Matching selection of generators and electric motors

Recently, a customer came to us. They are doing a processing factory project overseas. The local power grid capacity is not enough and the power supply is unstable. They need to bring their own generator set as the main power supply. The customer's biggest headache is that there are several electric motors in the factory, including crushers, fans and conveyor belts. They are worried that if the generator is small, it will not be delivered, and if it is large, it will be a waste of money. Ask me how to match the generator and the electric motor.

This problem is very common in industrial projects. The matching of generators and electric motors. If the generator is only matched according to the rated power of the electric motor, there will be a problem. The core reason is that the current shock at the moment the motor starts is much greater than the current during normal operation.

When the motor starts, it is necessary to overcome the rotational inertia of the rotor and the resistance of the load to accelerate from the stationary speed to the rated speed. In this process, the stator current of the motor will rise sharply. When the three-phase asynchronous motor is started directly, the starting current is usually 5 to 7 times the rated current.
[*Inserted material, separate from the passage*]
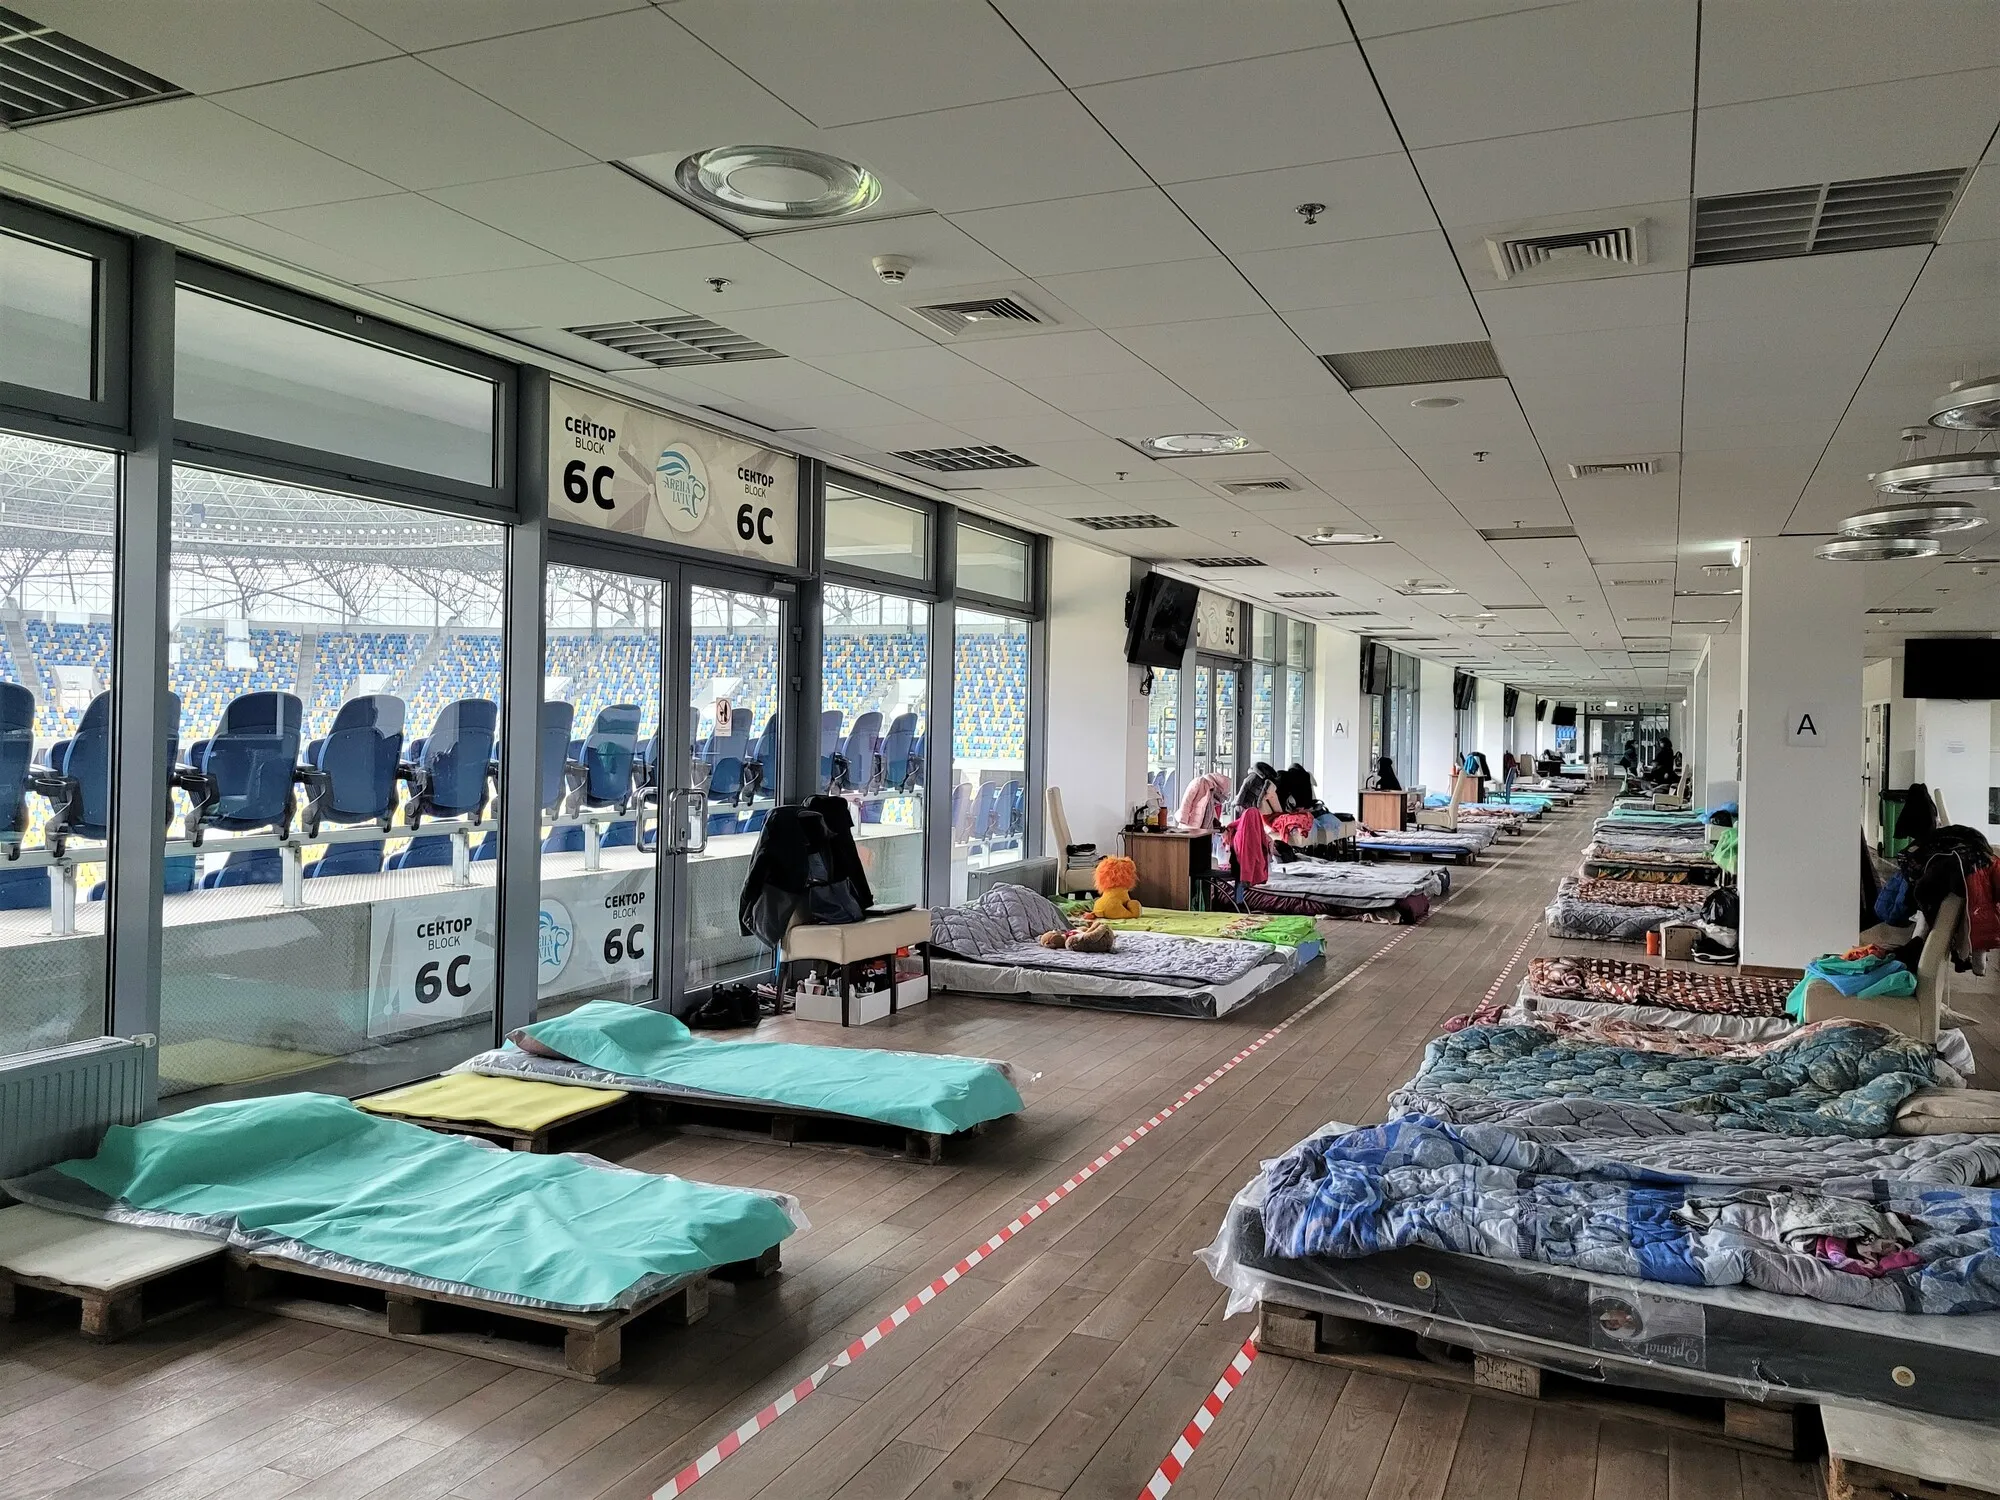 Temporary beds inside a football stadium indoor concourse.

That is to say, the current requirement for the power supply of a 30kW motor can reach 150 to 210 amperes at the moment of direct start-up, and the corresponding power requirement is much higher than the rated power of the motor.

When the generator set is subjected to this impact, the key indicators are the transient voltage adjustment rate and recovery time. Under the impact of high current, the voltage at the generator end will drop instantly. If it falls too much or recovers too slowly, it will cause the contactor to be unstable, the protection device will misact, and the generator will be turned off directly. Therefore, the matching of generators and electric motors is essentially a balance between the transient power output capacity of the generator and the shock demand of the motor.
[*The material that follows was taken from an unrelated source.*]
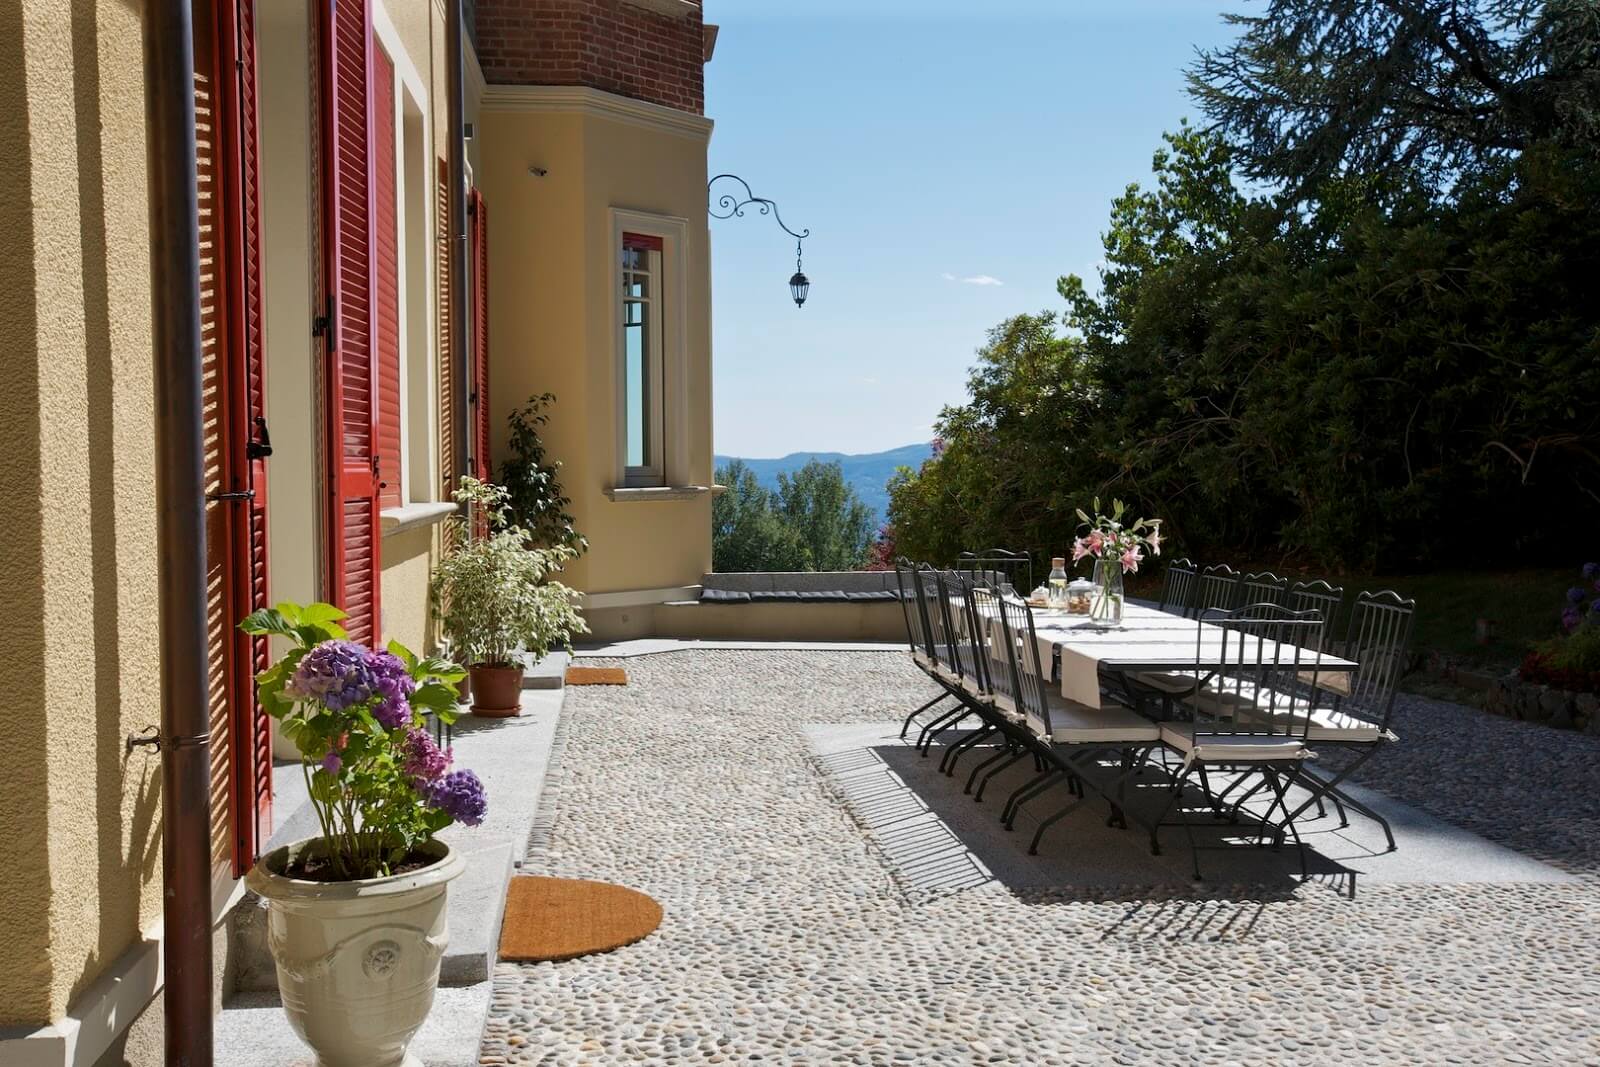 Villa Confalonieri is in one of the most beautiful locations

The starting method of the electric motor has the greatest impact on the selection of the generator.

The direct start-up shock is the largest and the starting current multiple is high, which is suitable for small-power motors or equipment with high requirements for starting torque. Using direct start, the generator power is usually 2.5 to 3.5 times the motor power. The specific multiple depends on the performance of the generator's excitation system. The transient response of the unit with permanent magnet excitation or digital excitation adjustment is better, and the multiple can be appropriately reduced.

Voltage reduction start is a commonly used method to reduce impact, including star triangle start, self-coupling transformer voltage reduction start, etc. The star triangle start-up can reduce the starting current to about one-third of the direct start-up, but the start-up torque is also reduced accordingly, which is suitable for no-load or light-load start-up devices. In this way, the generator power is generally configured at 1.5 to 2 times the motor power.

At present, soft starters are widely used. Through controllable silicon voltage regulation, the voltage can rise smoothly. The starting current can be controlled at 2 to 3 times the rated current. The start-up process is stable and the impact on the generator is small. When equipped with a soft starter, the power of the generator is 1.2 to 1.5 times the power of the motor.

The frequency converter drive is the way to start the least impact. The starting current basically does not exceed the rated current of the motor, and there is almost no impact on the generator. However, as a nonlinear load, the frequency converter will produce harmonics. When selecting, it is necessary to pay attention to the AVR performance of the generator, and install a harmonic filter if necessary.

In addition to the start-up method, the nature of the load is also crucial. Heavy-load start-up equipment, such as air compressors, crushers and water pumps, carries a load during the start-up process, which has a greater impact than the empty-load start-up. In the case of multiple motors running at the same time, the power of each motor cannot be simply added together. It is necessary to consider the simultaneous operation coefficient and check the most unfavorable working conditions - such as the situation of multiple motors starting at the same time.

Environmental factors must also be included. For every 1,000 meters of altitude, the output power of the generator decreases by about 10%, because the thinness of the air affects heat dissipation and combustion. When the ambient temperature exceeds 40℃, the power also needs to be reduced. In special environments such as seaside and desert, the protection level and anti-corrosion level should also be improved accordingly.

Back to the customer's processing factory, we helped him sort out: a 45kW crusher, heavy-load start, equipped with a frequency converter; a 22kW fan, no-load start, using a soft starter; and several small-power conveyor motors, start directly. At the same time, the operating coefficient is 0.8, considering the starting order under the most unfavorable working conditions, and finally equipped with a 120kW generator set with permanent magnet excitation and digital voltage regulation. Feedback from the customer after debugging that the equipment starts smoothly, the voltage fluctuation is within the acceptable range, and the operation is stable.

In general, the key to matching the generator and the motor is the accurate assessment of the starting impact of the motor and the reasonable matching of the transient response ability of the generator. Startup mode, load nature, environmental conditions, and multi-machine coordination are indispensable. If the selection is solid, there will be fewer problems on the spot.